Was sollte ich beim value angeben?
5? Aber ich brauche einen String.


----------



## Nardian (5. Jun 2012)

Mit Applets kenne ich mich leider nur wenig aus, aber der Pfad "file:///C|/eclipse_workbench/MosaikSpiel/" sieht für mich merkwürdig aus. Zumindest das "...C|/..." - sollte das nicht C:/... heißen?

Lg


----------



## Dogge (5. Jun 2012)

Tag Nardian. Dein Vorschlag bringt leider keine Besserung.

In MosaikCanvas.java(der erste Java-Code am Anfang ) z.36 steht vorderseite=!vorderseite. Kann man das so schreiben?(Der Compiler hat kein Problem damit)

Ich nutze Eclipse, falls das weiterhilft.

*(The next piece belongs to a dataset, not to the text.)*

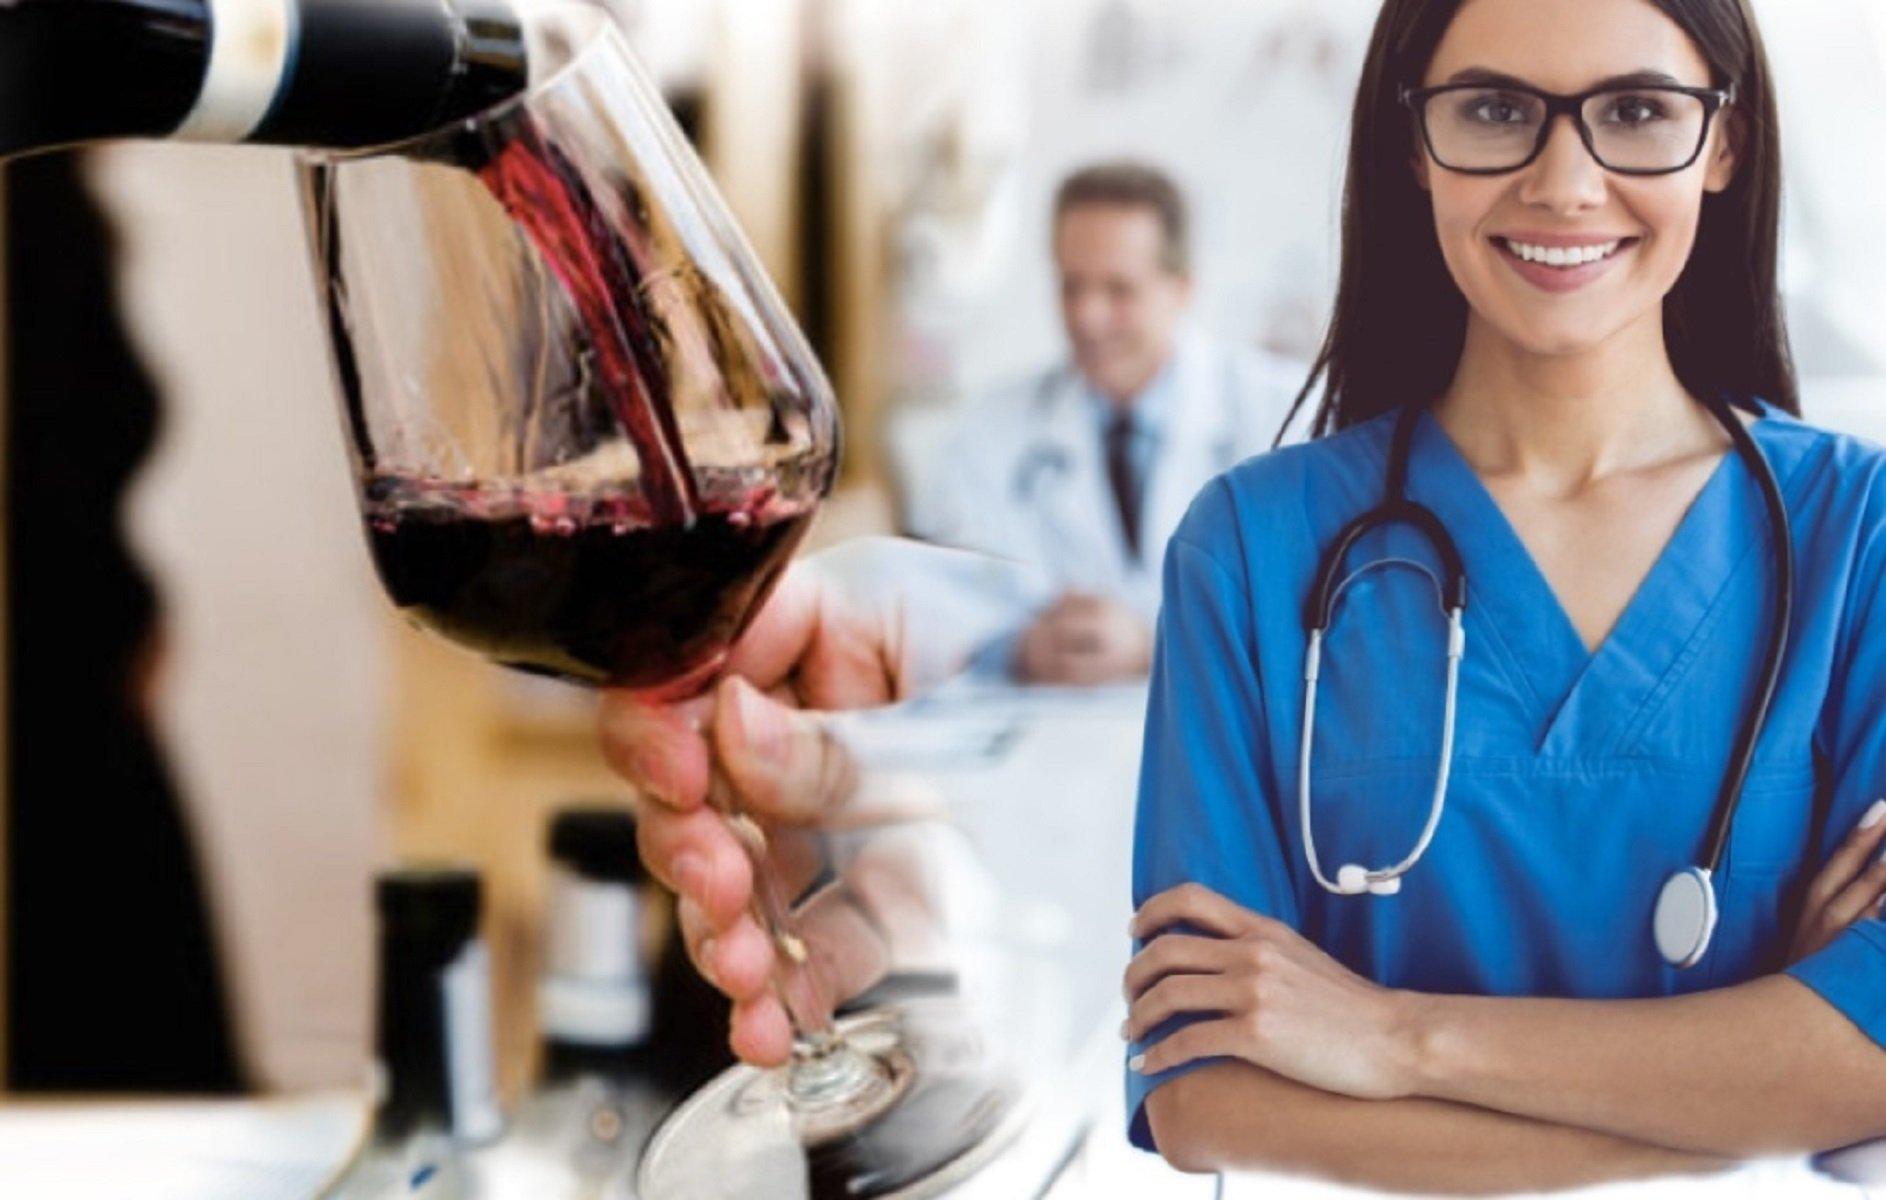 25353 Медики раскрыли, как вино влияет на похудение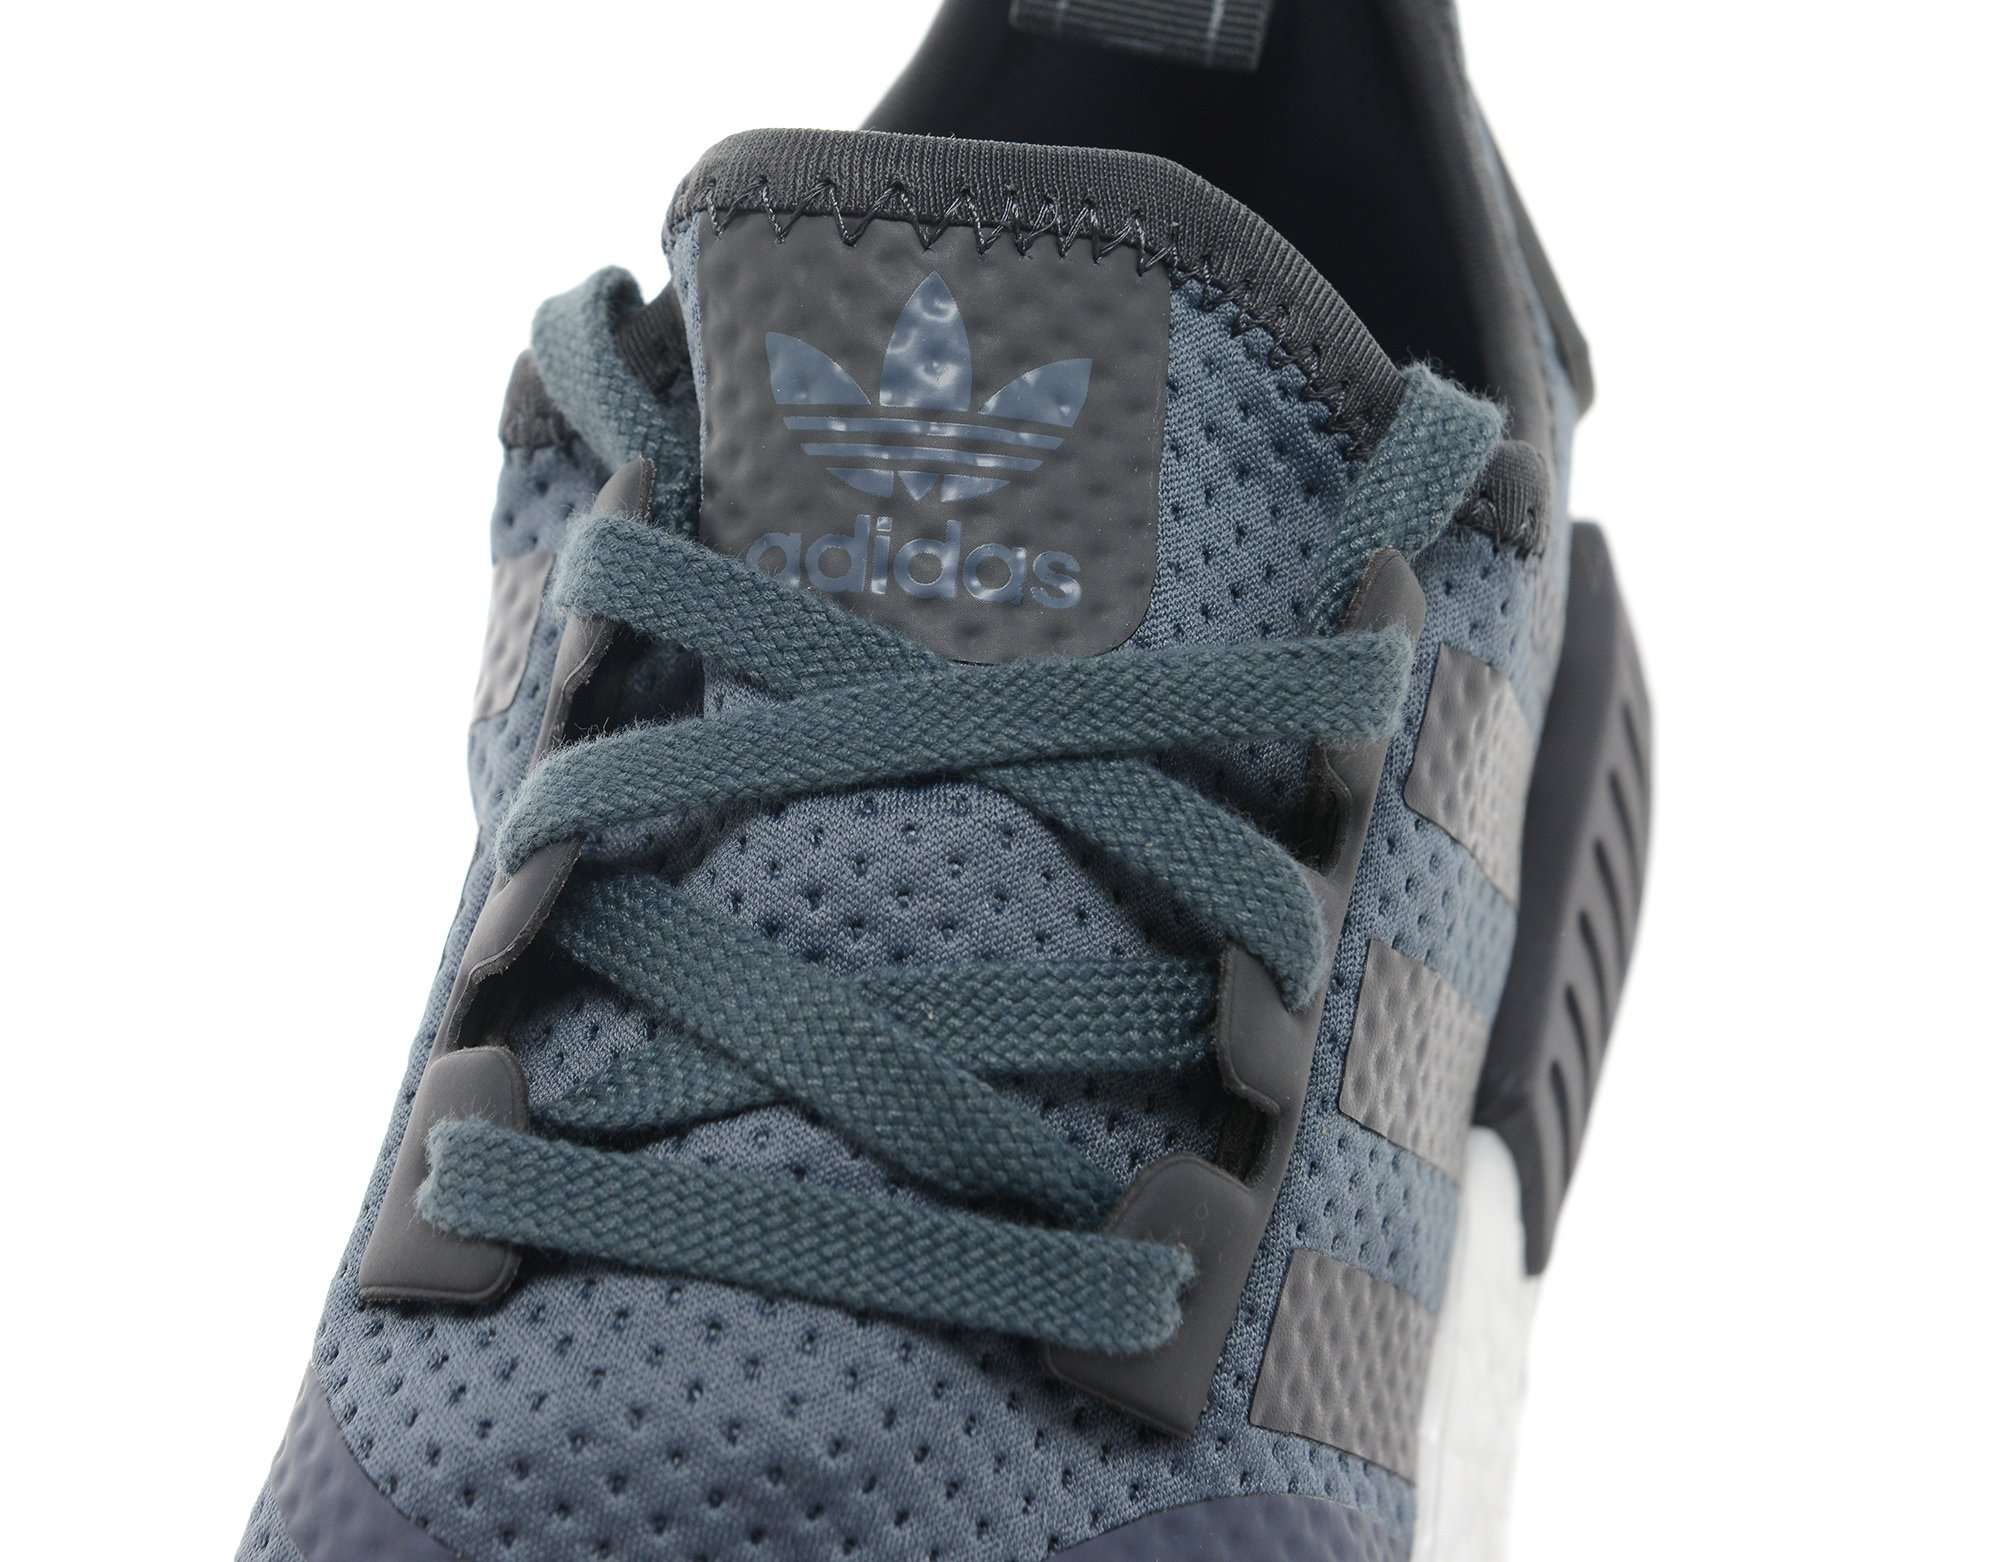 Adidas nmd runner r1 branco preto marrom

Ich habe das Gefühl, dass es sich hier um ein Eclipse-Prolem handelt.
Jap, das funktioniert, wenn ich in den Ordner gehe, wo meine html Datei ist.Nur noch draufklicken und fertig.
Warum lässt sich der Appletviewer nicht über Eclipse nutzen???


----------



## L-ectron-X (5. Jun 2012)

Dogge hat gesagt.:


> Was sollte ich beim value angeben?
> 5? Aber ich brauche einen String.


Ja, warum nicht. Applet-Parameter gelangen immer als Zeichenkette ins Applet.
Deshalb musst du eine 5 zu einem int parsen, wenn du intern mit einer Zahl arbeiten möchtest.



Dogge hat gesagt.:


> In MosaikCanvas.java(der erste Java-Code am Anfang ) z.36 steht vorderseite=!vorderseite. Kann man das so schreiben?(Der Compiler hat kein Problem damit)


Kann man. Das wäre eine einfache Negation. Bei jedem Aufruf wird der Wert negiert.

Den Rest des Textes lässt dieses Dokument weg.